OK to commit if you fix the nit e.g. use PTR_ALIGN_DOWN or ALIGN_DOWN
to avoid the bespoke alignment code.
> -- Paul Pluzhnikov
>
>
> glibc-20150306-bz18043-refactor.patch.txt
>
>
> diff --git a/posix/wordexp-test.c b/posix/wordexp-test.c
> index 137044e..b71352d 100644
> --- a/posix/wordexp-test.c
> +++ b/posix/wordexp-test.c
> @@ -233,6 +233,8 @@ struct test_case_struct
> { WRDE_CMDSUB, NULL, "$((1+`echo 1`))", WRDE_NOCMD, 0, { NULL, }, IFS },
> { WRDE_CMDSUB, NULL, "$((1+$((`echo 1`))))", WRDE_NOCMD, 0, { NULL, }, IFS },
>
> + { WRDE_SYNTAX, NULL, "${", 0, 0, { NULL, }, IFS }, /* BZ 18043 */
> +
OK.
> { -1, NULL, NULL, 0, 0, { NULL, }, IFS },
> };
>
> @@ -250,33 +252,6 @@ command_line_test (const char *words)

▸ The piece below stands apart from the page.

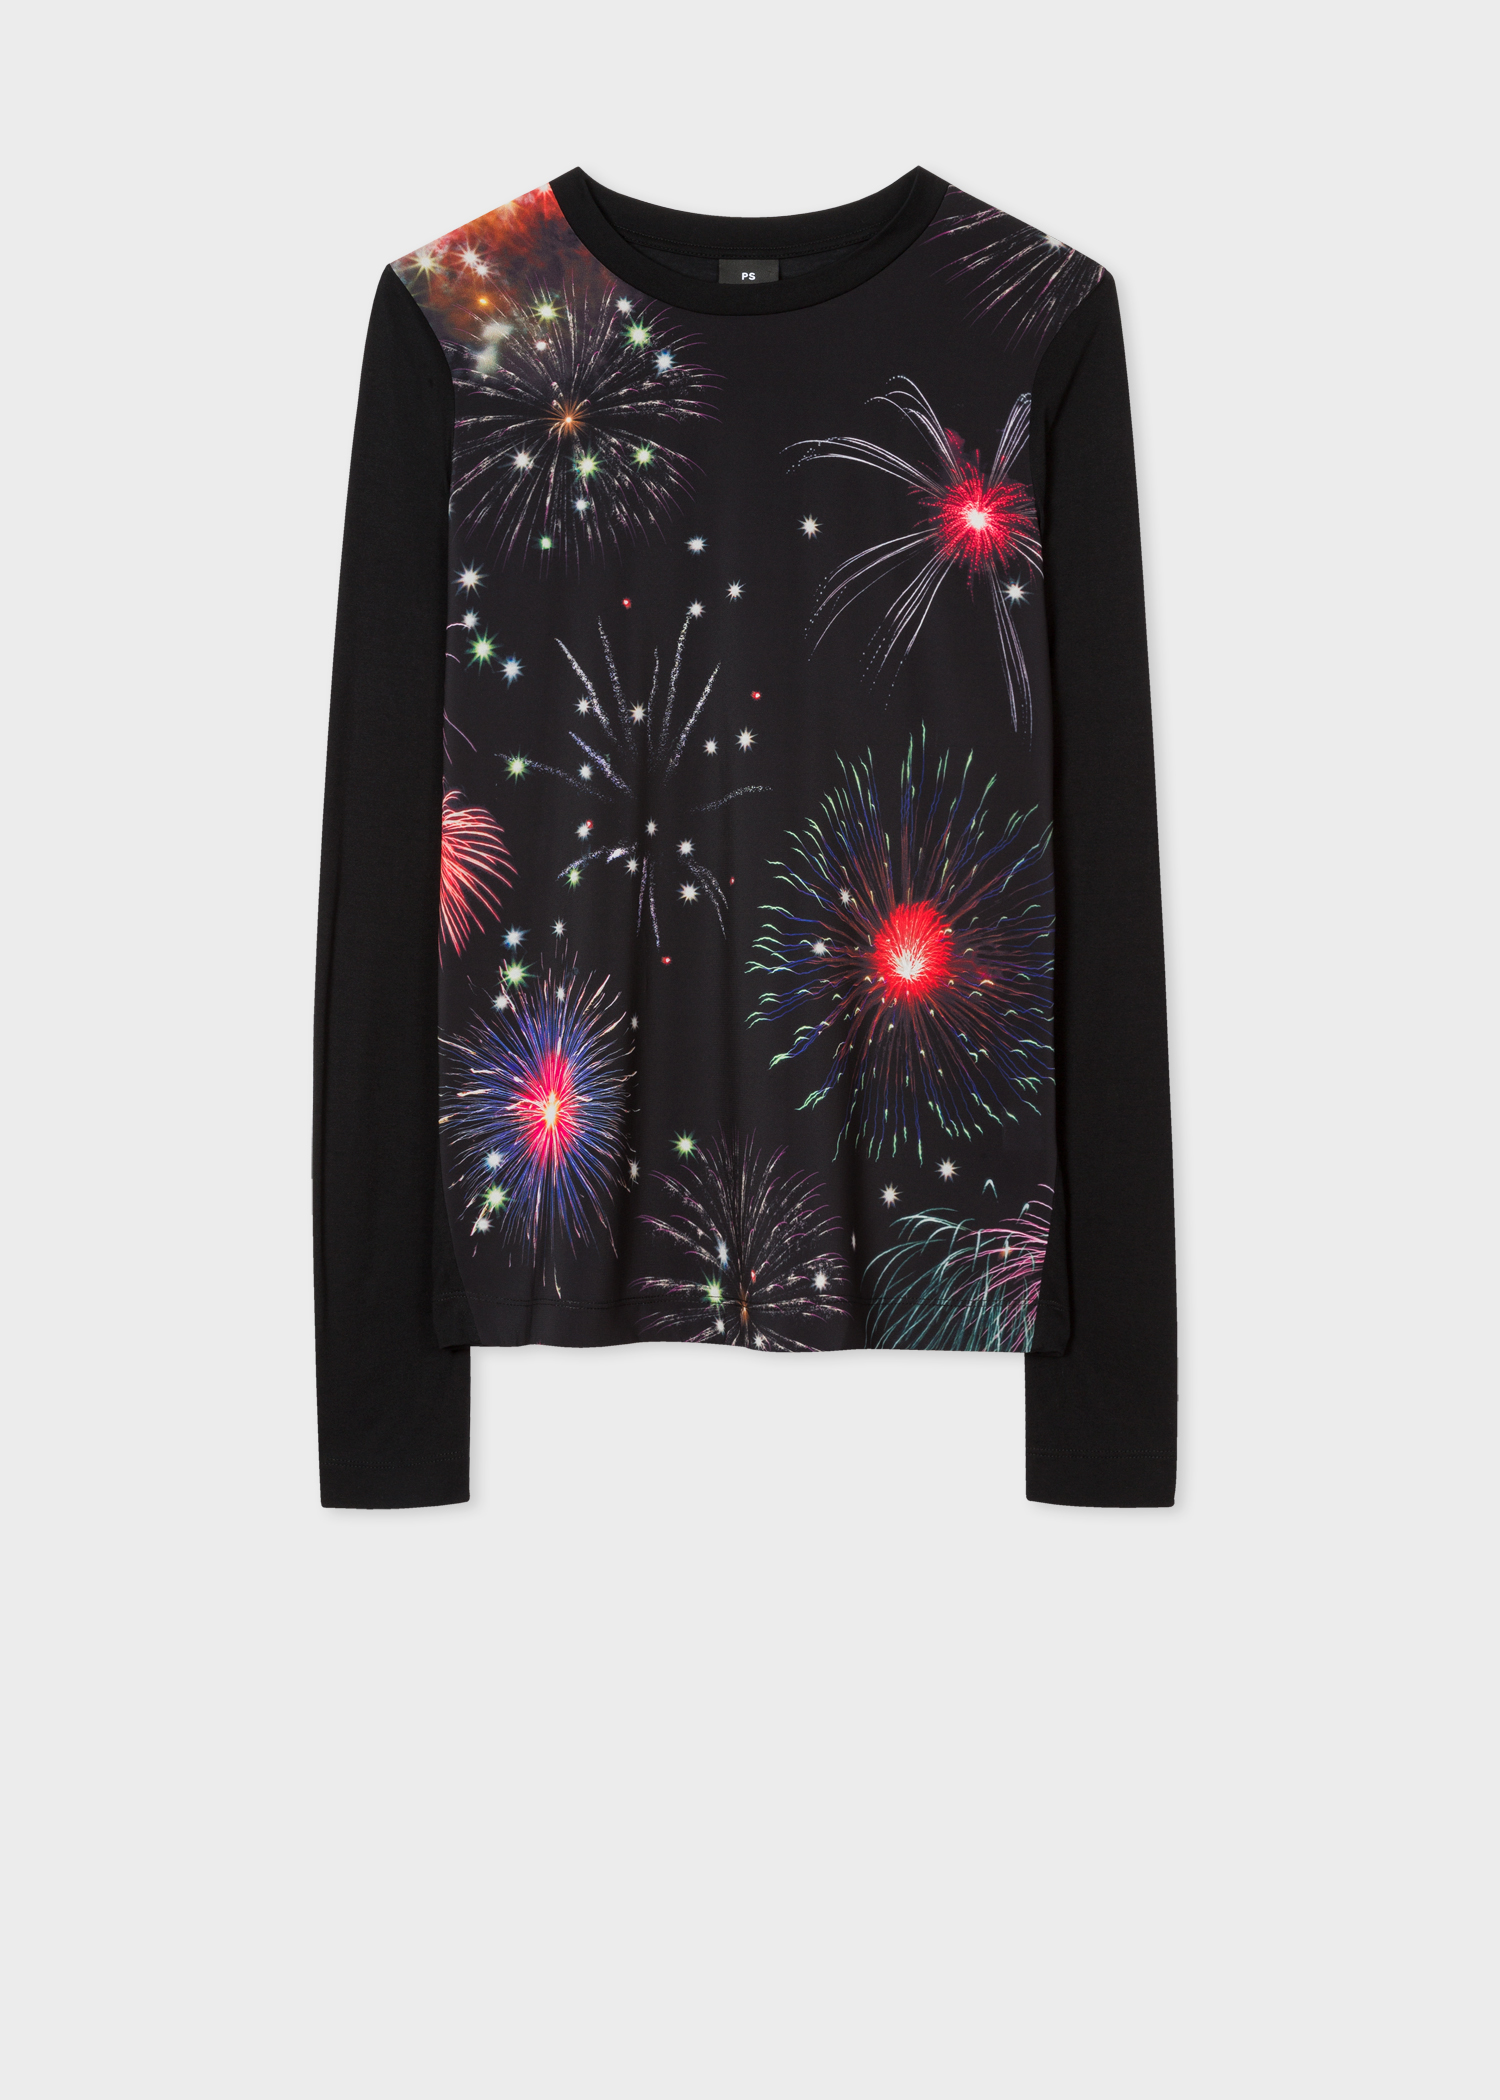 Front View - Women's Black 'Fireworks' Long-Sleeve T-Shirt Paul Smith

> printf ("we_wordv[%d] = \"%s\"\n", i, we.we_wordv[i]);
> }
>
> -static int
> -do_bz18043 (void)
> -{
> - const int pagesize = getpagesize ();
> - char *start = mmap (0, 2 * pagesize, PROT_READ|PROT_WRITE,
> - MAP_PRIVATE|MAP_ANONYMOUS, -1, 0);
> -
> - if (start == MAP_FAILED)
> - return 1;
> -
> - if (mprotect (start + pagesize, pagesize, PROT_NONE))
> - return 2;
> -
> - const char word[] = "${";
> - char *word_start = start + pagesize - sizeof (word);
> - memcpy (word_start, word, sizeof (word));
> -
> - wordexp_t w;
> - if (wordexp (word_start, &w, 0) != WRDE_SYNTAX)
> - return 3;
> -
> - if (munmap (start, 2 * pagesize) != 0)
> - return 4;
> -
> - return 0;
> -}
> -
> int
> main (int argc, char *argv[])
> {
> @@ -398,12 +373,32 @@ main (int argc, char *argv[])
>
> printf ("tests failed: %d\n", fail);
>
> - if (do_bz18043 ())
> - ++fail;
> -
> return fail != 0;
> }
>
> +static const char *
> +at_page_end (const char *words)
> +{
> + const int pagesize = getpagesize ();
> + char *start = mmap (0, 2 * pagesize, PROT_READ|PROT_WRITE,
> + MAP_PRIVATE|MAP_ANONYMOUS, -1, 0);
> +
> + if (start == MAP_FAILED)
> + return start;
> +
> + if (mprotect (start + pagesize, pagesize, PROT_NONE))
> + {
> + munmap (start, 2 * pagesize);
> + return MAP_FAILED;
> + }
> +
> + /* Includes terminating NUL. */
> + const size_t words_size = strlen (words) + 1;
> + char *words_start = start + pagesize - words_size;
> + memcpy (words_start, words, words_size);
> +
> + return words_start;
> +}
OK.
>
> static int
> testit (struct test_case_struct *tc)
> @@ -431,6 +426,8 @@ testit (struct test_case_struct *tc)
> we = sav_we;
>
> printf ("Test %d (%s): ", ++tests, tc->words);
> + fflush (NULL);
OK. Good idea to flush before we potentially crash.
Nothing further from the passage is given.